§ What the exercise asks: Retype, word for word, every line from the one holding "Finale, internationaler bouldercup" through the one holding "Just a boy who love trombone poster t-shirt" in the entries below, both included, and only those lines.
══════════════════════════════
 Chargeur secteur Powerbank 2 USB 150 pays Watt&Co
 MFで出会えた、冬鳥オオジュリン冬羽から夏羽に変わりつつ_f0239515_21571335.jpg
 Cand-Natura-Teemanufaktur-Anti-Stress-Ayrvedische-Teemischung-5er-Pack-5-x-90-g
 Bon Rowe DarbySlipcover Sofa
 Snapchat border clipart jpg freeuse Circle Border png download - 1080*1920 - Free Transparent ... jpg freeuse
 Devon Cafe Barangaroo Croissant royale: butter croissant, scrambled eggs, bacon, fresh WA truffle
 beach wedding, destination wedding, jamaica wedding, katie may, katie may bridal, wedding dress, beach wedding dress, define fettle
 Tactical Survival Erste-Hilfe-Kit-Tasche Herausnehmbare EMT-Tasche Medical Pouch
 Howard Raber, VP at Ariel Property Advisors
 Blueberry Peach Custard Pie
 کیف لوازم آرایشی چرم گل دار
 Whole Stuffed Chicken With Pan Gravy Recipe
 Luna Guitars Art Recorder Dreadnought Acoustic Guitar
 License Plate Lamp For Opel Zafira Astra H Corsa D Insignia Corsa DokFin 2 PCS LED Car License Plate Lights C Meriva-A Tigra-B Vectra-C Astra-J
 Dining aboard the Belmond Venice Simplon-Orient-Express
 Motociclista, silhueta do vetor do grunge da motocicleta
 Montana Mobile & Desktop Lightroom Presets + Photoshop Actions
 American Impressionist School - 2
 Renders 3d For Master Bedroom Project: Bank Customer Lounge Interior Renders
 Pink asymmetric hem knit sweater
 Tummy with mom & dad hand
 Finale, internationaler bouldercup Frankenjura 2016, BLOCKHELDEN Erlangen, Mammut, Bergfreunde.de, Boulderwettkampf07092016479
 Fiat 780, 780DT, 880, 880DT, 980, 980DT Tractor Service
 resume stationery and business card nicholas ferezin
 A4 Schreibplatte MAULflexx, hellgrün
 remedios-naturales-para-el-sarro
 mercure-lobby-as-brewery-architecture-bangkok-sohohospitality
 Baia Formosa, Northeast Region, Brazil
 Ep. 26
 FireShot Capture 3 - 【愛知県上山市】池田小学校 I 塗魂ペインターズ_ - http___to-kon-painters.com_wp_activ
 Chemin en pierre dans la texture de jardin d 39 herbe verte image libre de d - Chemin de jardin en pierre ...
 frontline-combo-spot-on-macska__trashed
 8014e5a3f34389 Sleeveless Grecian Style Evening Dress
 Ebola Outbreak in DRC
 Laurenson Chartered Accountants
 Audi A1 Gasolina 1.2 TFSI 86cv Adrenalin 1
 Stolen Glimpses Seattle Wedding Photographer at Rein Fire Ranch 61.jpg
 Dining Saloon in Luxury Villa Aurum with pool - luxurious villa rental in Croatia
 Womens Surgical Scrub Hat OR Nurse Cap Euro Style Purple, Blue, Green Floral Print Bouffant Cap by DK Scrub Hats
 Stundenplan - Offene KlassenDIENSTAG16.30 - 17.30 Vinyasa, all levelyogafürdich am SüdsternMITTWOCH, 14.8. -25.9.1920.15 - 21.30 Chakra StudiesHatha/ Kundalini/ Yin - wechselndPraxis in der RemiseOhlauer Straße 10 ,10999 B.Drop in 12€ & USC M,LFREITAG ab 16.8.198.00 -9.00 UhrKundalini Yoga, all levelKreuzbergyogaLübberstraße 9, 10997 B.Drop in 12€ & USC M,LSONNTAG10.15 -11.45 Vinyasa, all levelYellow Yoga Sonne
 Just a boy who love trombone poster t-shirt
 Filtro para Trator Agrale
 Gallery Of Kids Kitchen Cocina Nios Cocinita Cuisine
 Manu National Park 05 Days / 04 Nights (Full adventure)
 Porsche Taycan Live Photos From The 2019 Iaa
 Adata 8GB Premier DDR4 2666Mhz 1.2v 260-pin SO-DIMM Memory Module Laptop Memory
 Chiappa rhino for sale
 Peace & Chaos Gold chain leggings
══════════════════════════════
§ Task solution:
 Finale, internationaler bouldercup Frankenjura 2016, BLOCKHELDEN Erlangen, Mammut, Bergfreunde.de, Boulderwettkampf07092016479
 Fiat 780, 780DT, 880, 880DT, 980, 980DT Tractor Service
 resume stationery and business card nicholas ferezin
 A4 Schreibplatte MAULflexx, hellgrün
 remedios-naturales-para-el-sarro
 mercure-lobby-as-brewery-architecture-bangkok-sohohospitality
 Baia Formosa, Northeast Region, Brazil
 Ep. 26
 FireShot Capture 3 - 【愛知県上山市】池田小学校 I 塗魂ペインターズ_ - http___to-kon-painters.com_wp_activ
 Chemin en pierre dans la texture de jardin d 39 herbe verte image libre de d - Chemin de jardin en pierre ...
 frontline-combo-spot-on-macska__trashed
 8014e5a3f34389 Sleeveless Grecian Style Evening Dress
 Ebola Outbreak in DRC
 Laurenson Chartered Accountants
 Audi A1 Gasolina 1.2 TFSI 86cv Adrenalin 1
 Stolen Glimpses Seattle Wedding Photographer at Rein Fire Ranch 61.jpg
 Dining Saloon in Luxury Villa Aurum with pool - luxurious villa rental in Croatia
 Womens Surgical Scrub Hat OR Nurse Cap Euro Style Purple, Blue, Green Floral Print Bouffant Cap by DK Scrub Hats
 Stundenplan - Offene KlassenDIENSTAG16.30 - 17.30 Vinyasa, all levelyogafürdich am SüdsternMITTWOCH, 14.8. -25.9.1920.15 - 21.30 Chakra StudiesHatha/ Kundalini/ Yin - wechselndPraxis in der RemiseOhlauer Straße 10 ,10999 B.Drop in 12€ & USC M,LFREITAG ab 16.8.198.00 -9.00 UhrKundalini Yoga, all levelKreuzbergyogaLübberstraße 9, 10997 B.Drop in 12€ & USC M,LSONNTAG10.15 -11.45 Vinyasa, all levelYellow Yoga Sonne
 Just a boy who love trombone poster t-shirt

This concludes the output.